◆ **REQUIREMENT**: Transcribe exactly, leaving out pictures, the lines from the one that holds "The Army Painter" through the end of the data below, including both end lines and no others.

◆ **SOURCE MATERIAL**:
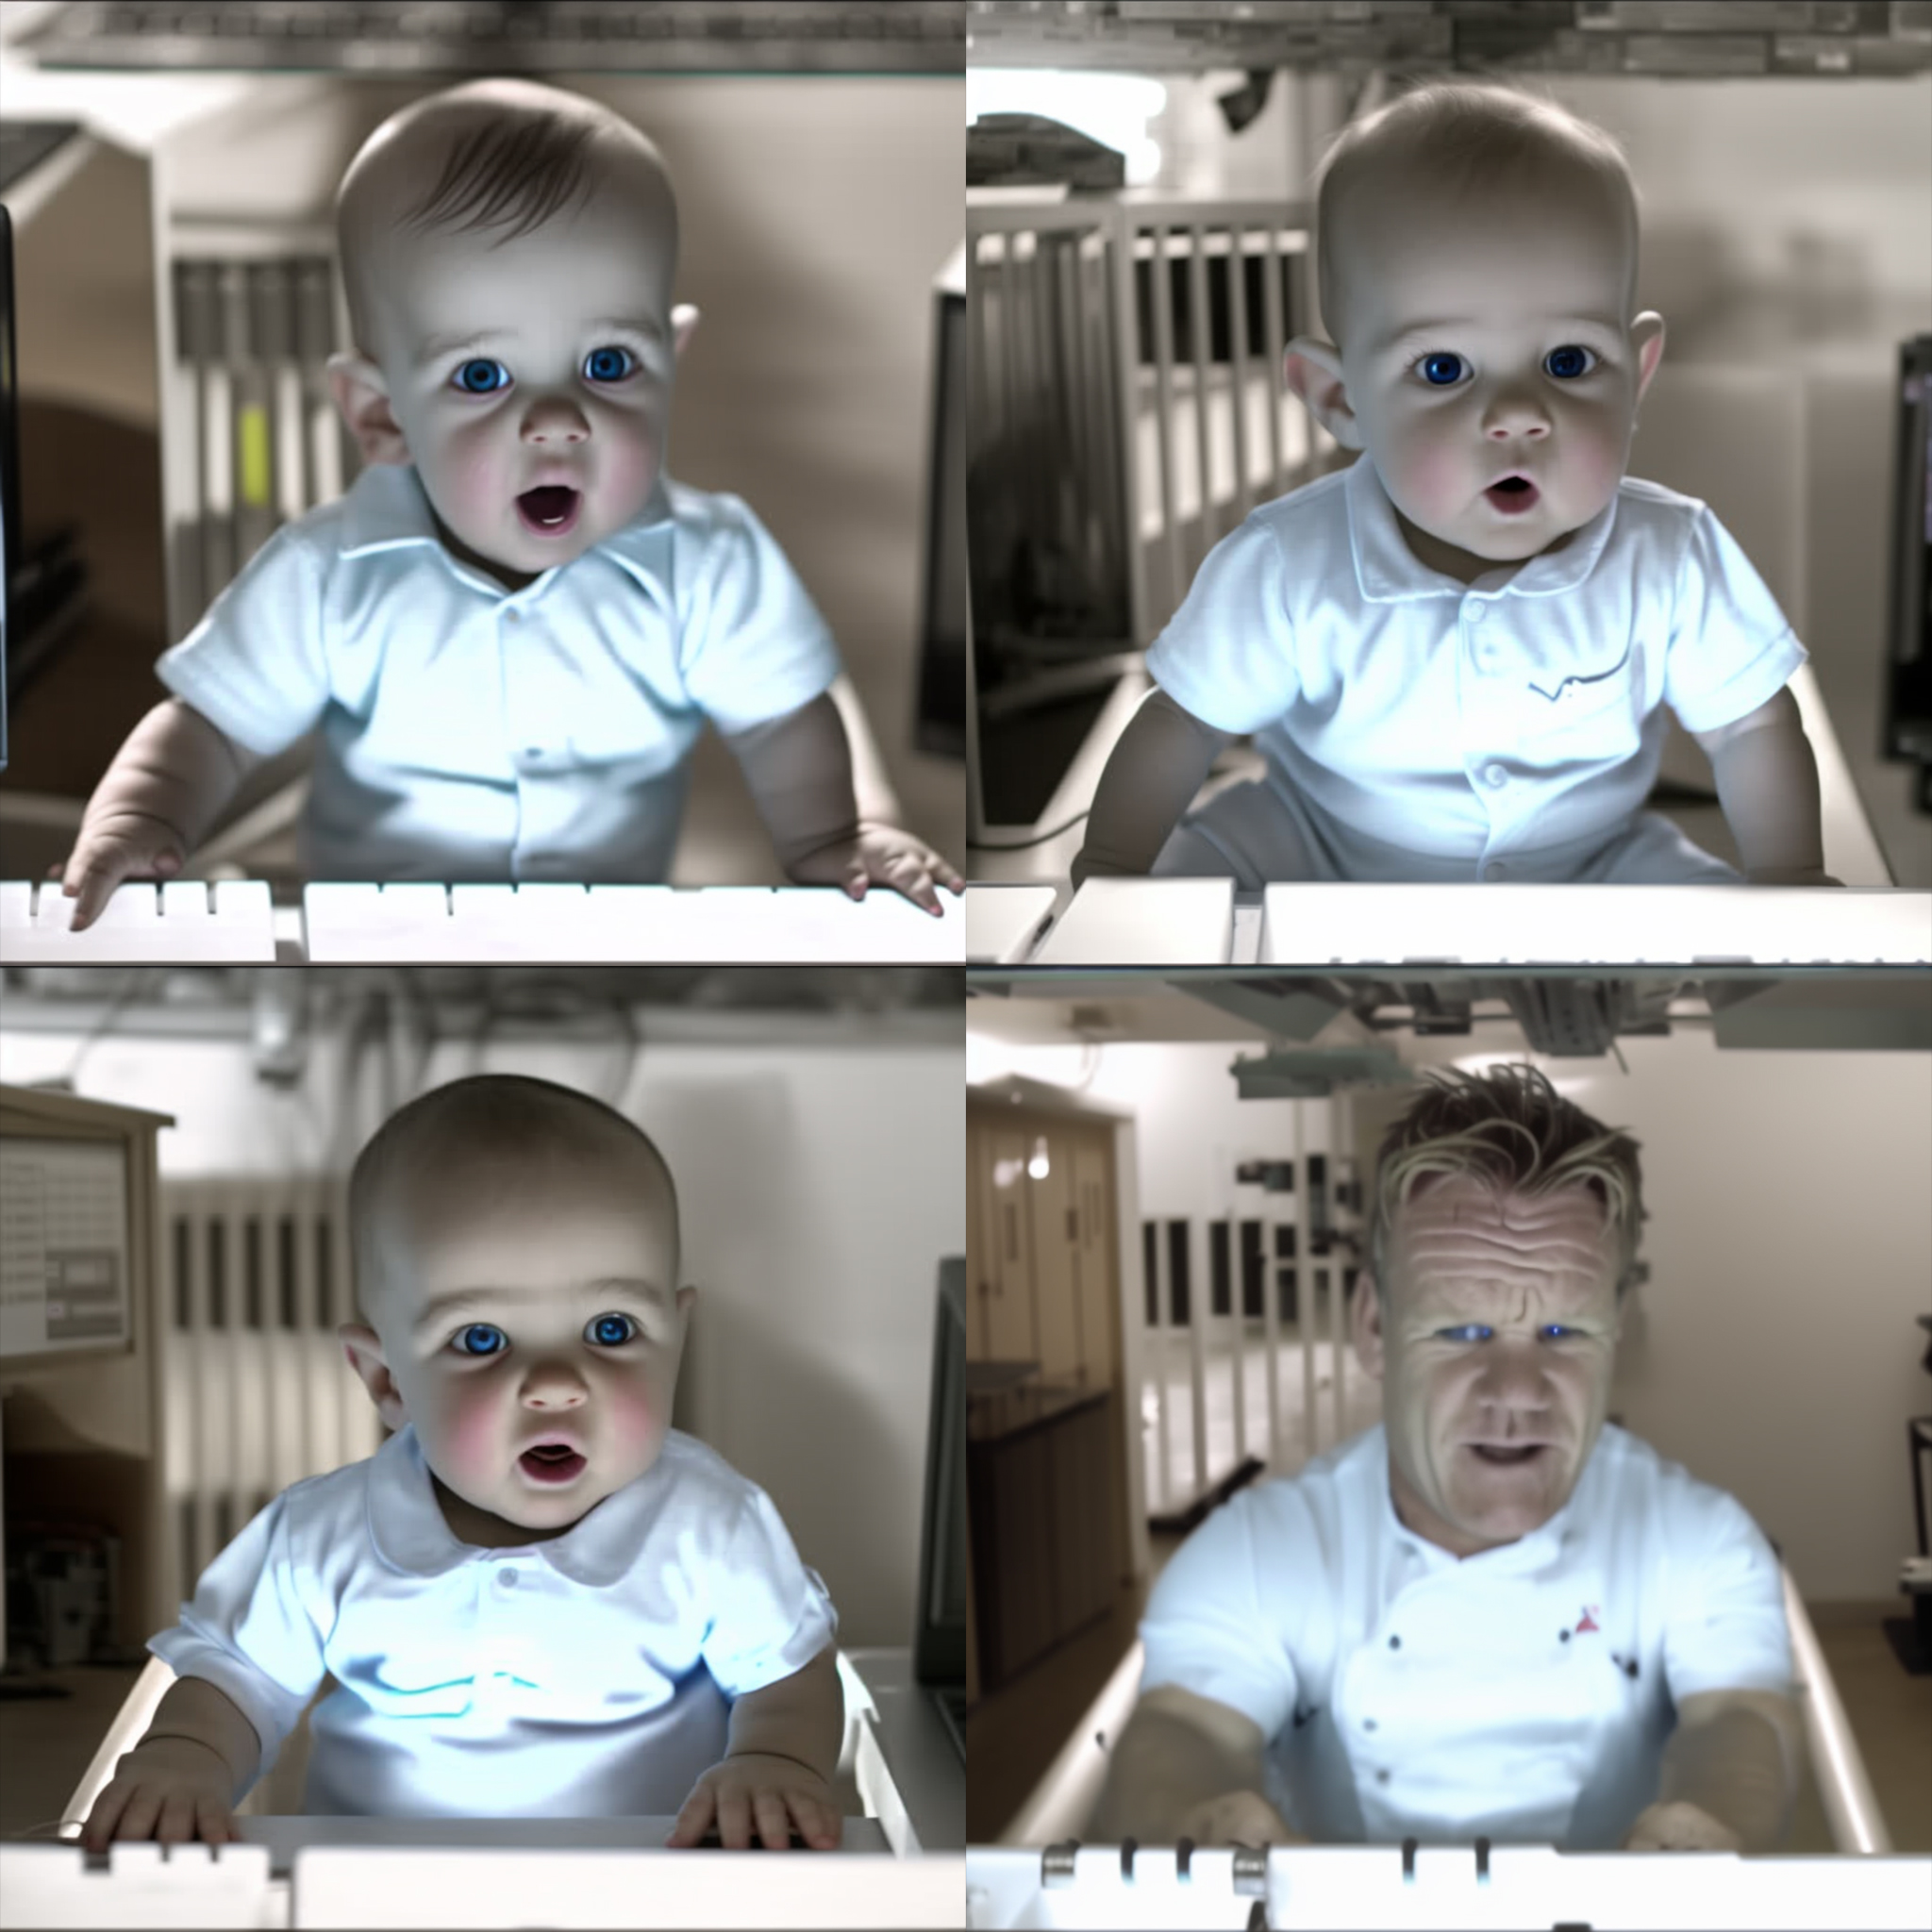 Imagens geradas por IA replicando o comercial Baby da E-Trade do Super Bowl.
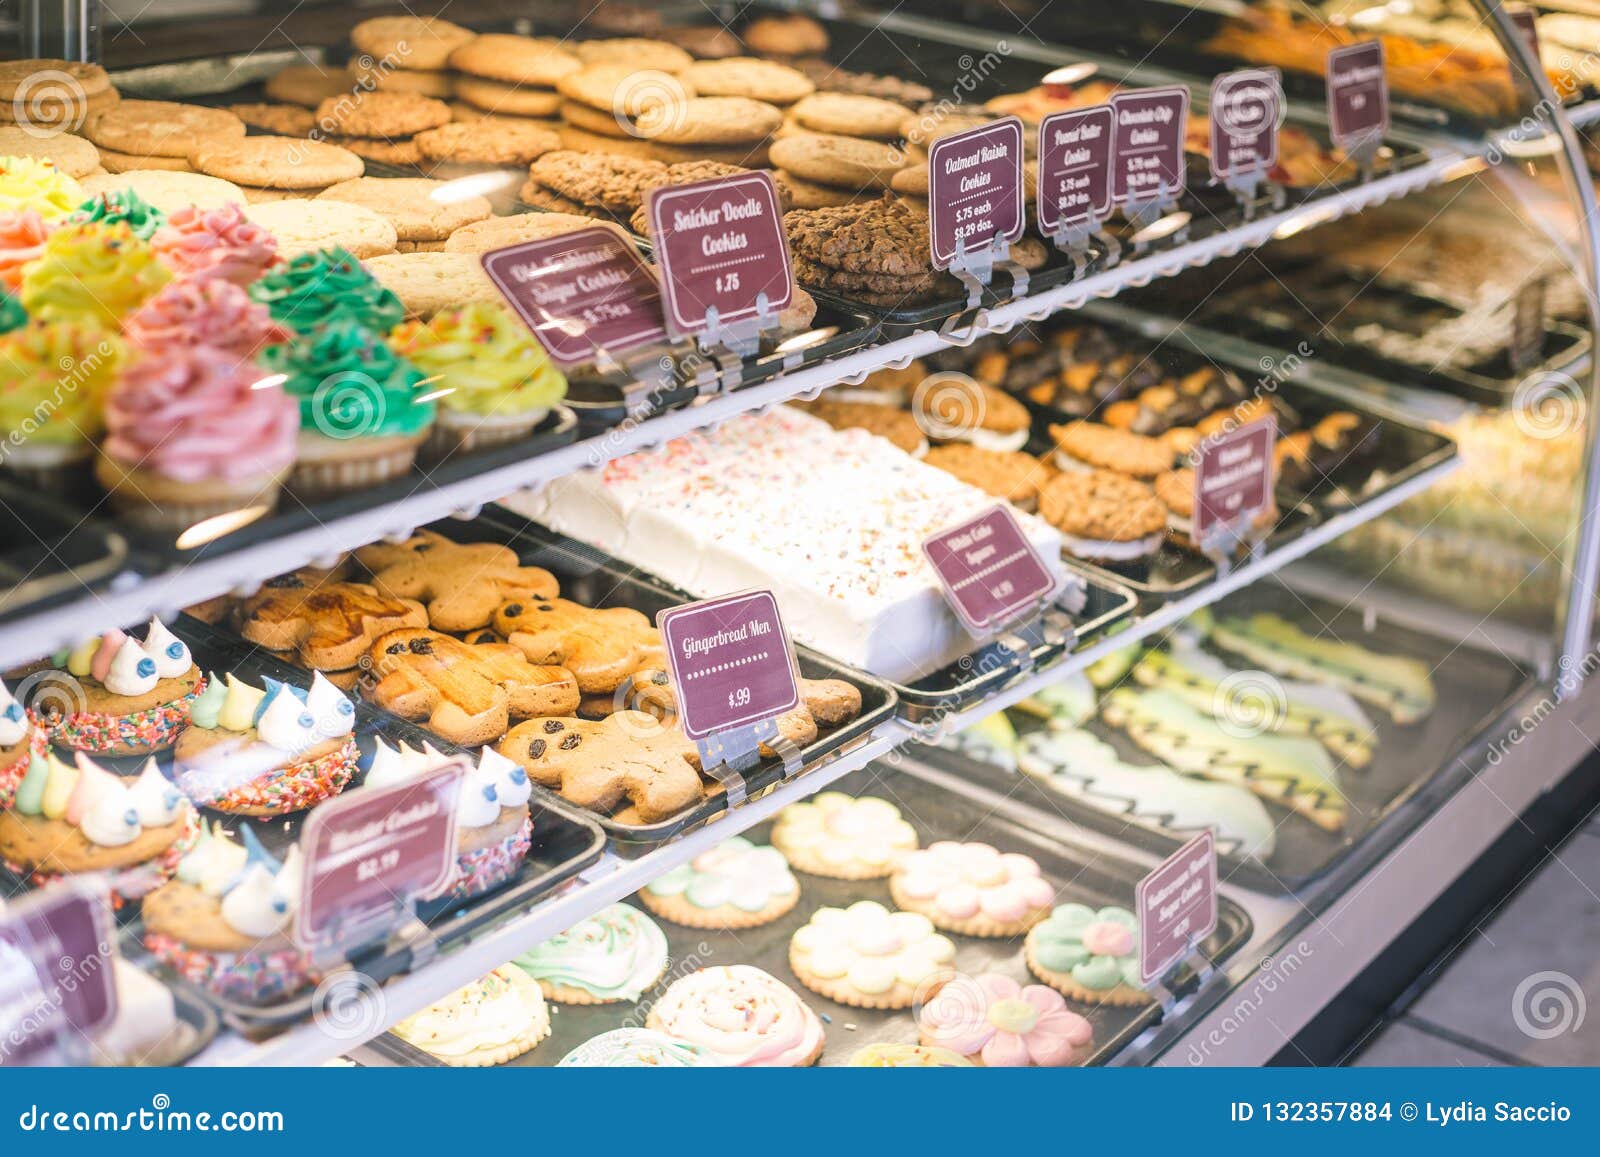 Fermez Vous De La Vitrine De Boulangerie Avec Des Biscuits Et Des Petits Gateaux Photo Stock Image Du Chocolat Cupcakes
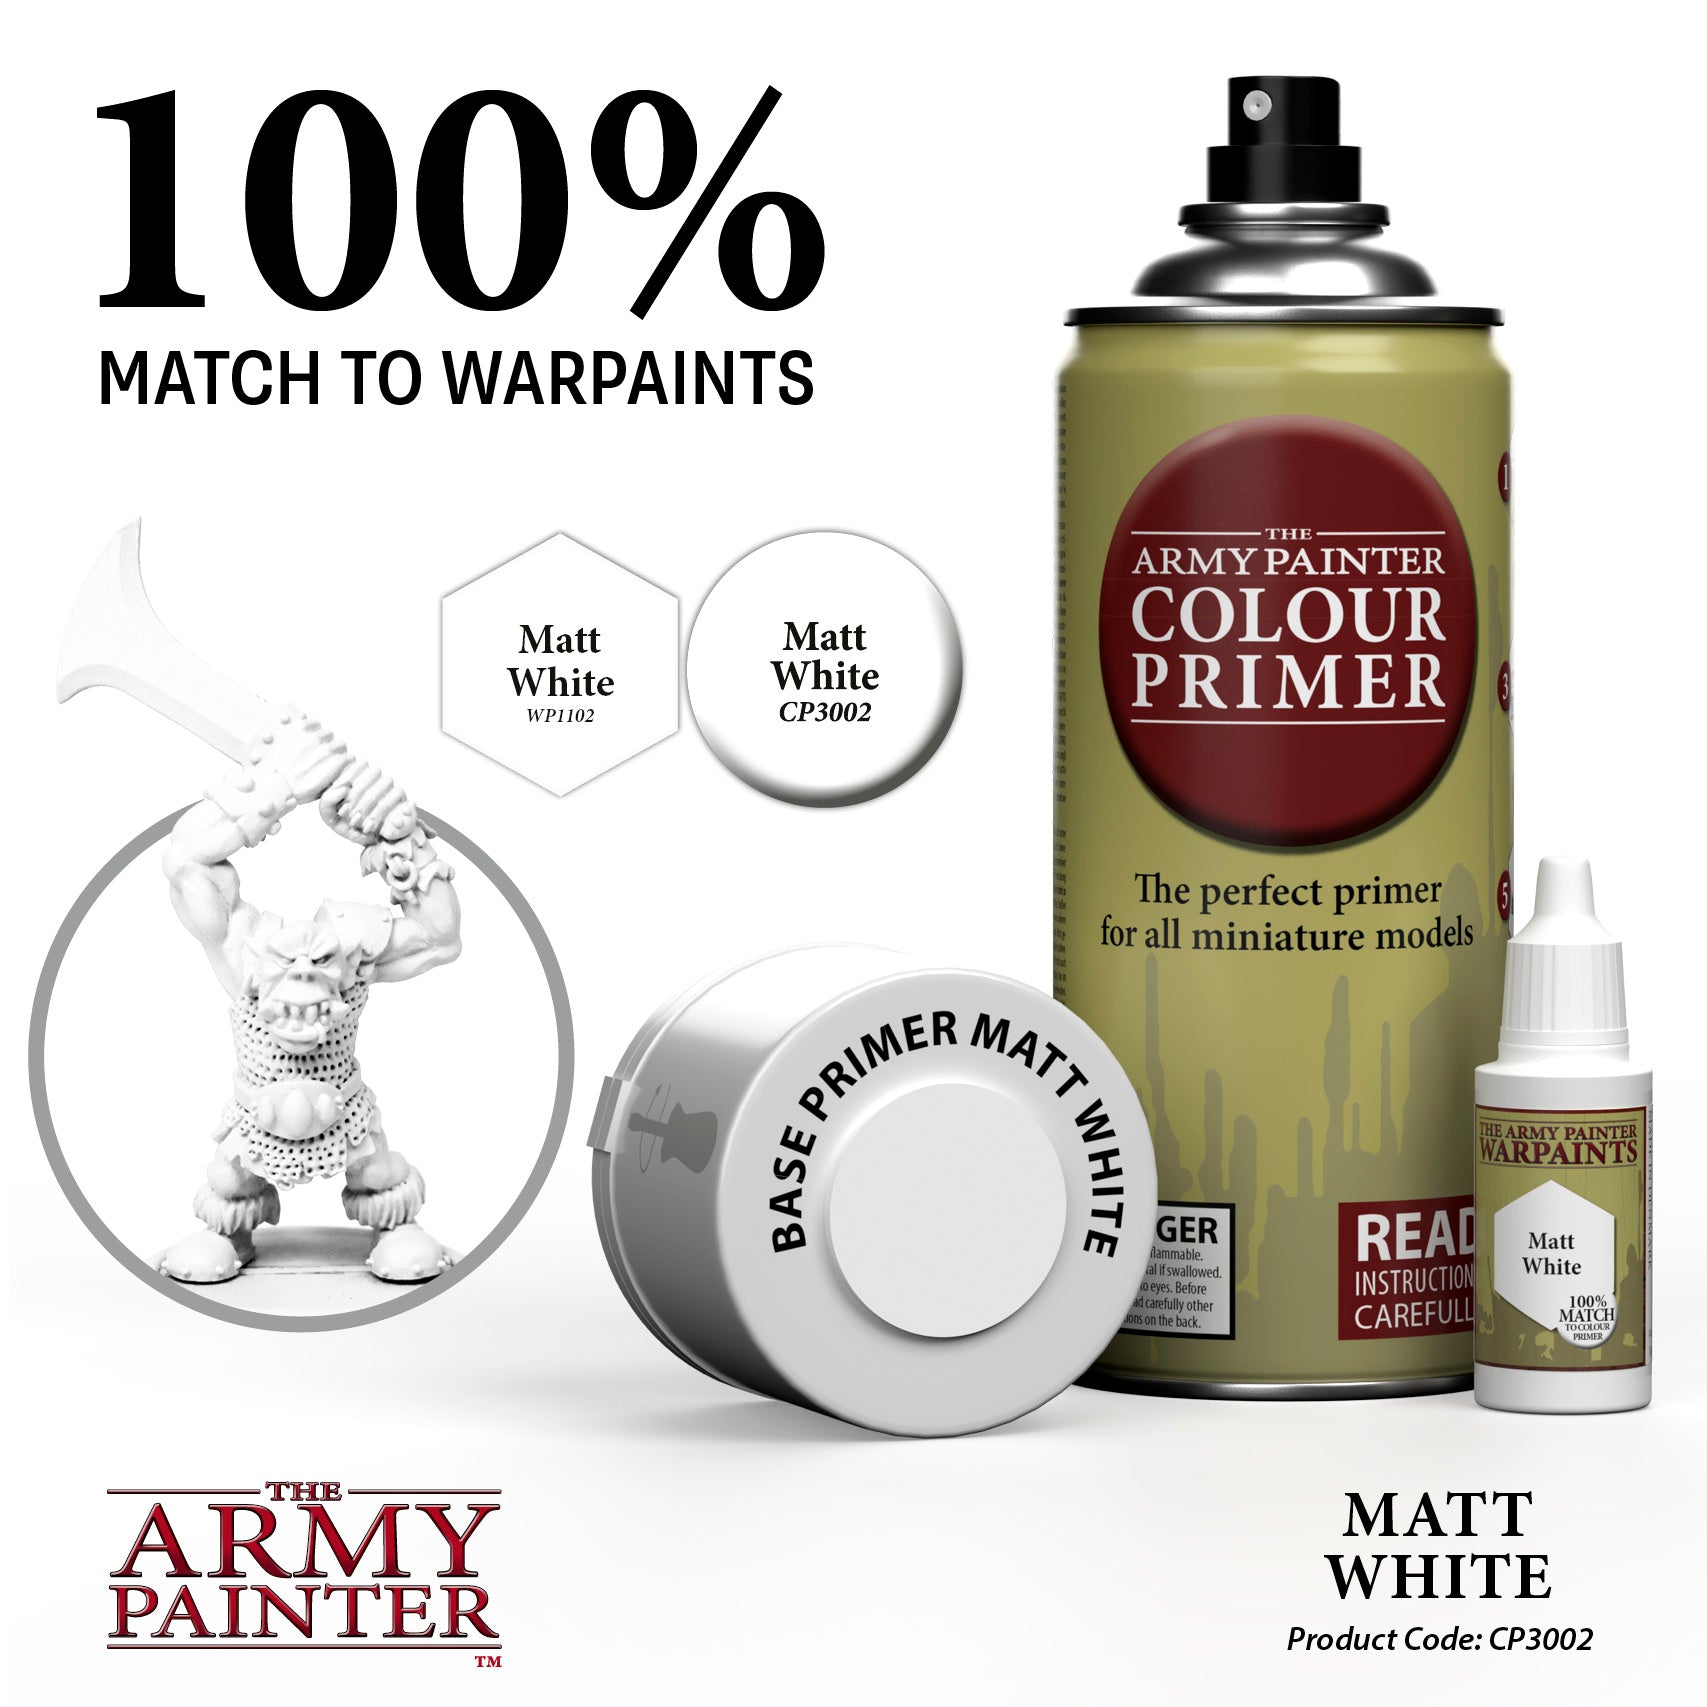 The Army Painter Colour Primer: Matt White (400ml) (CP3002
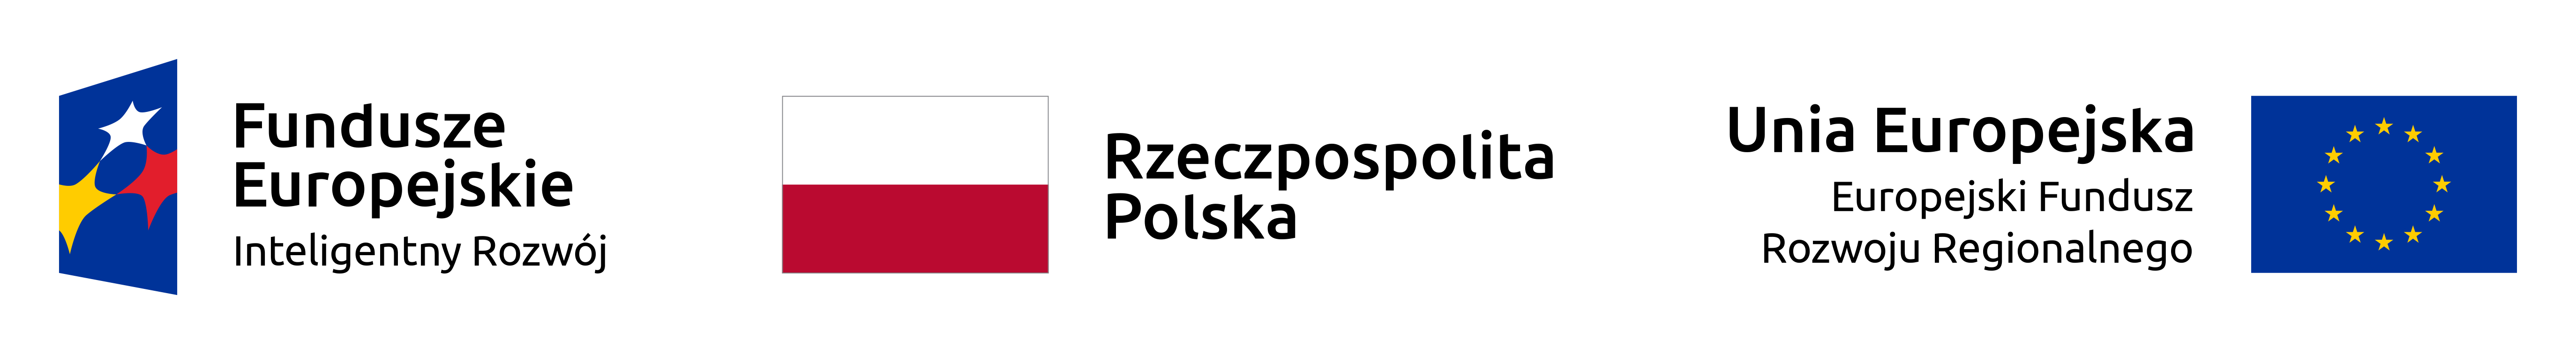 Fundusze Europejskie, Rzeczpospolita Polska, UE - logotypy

◆ **THE ANSWER**:
 The Army Painter Colour Primer: Matt White (400ml) (CP3002
 Fundusze Europejskie, Rzeczpospolita Polska, UE - logotypy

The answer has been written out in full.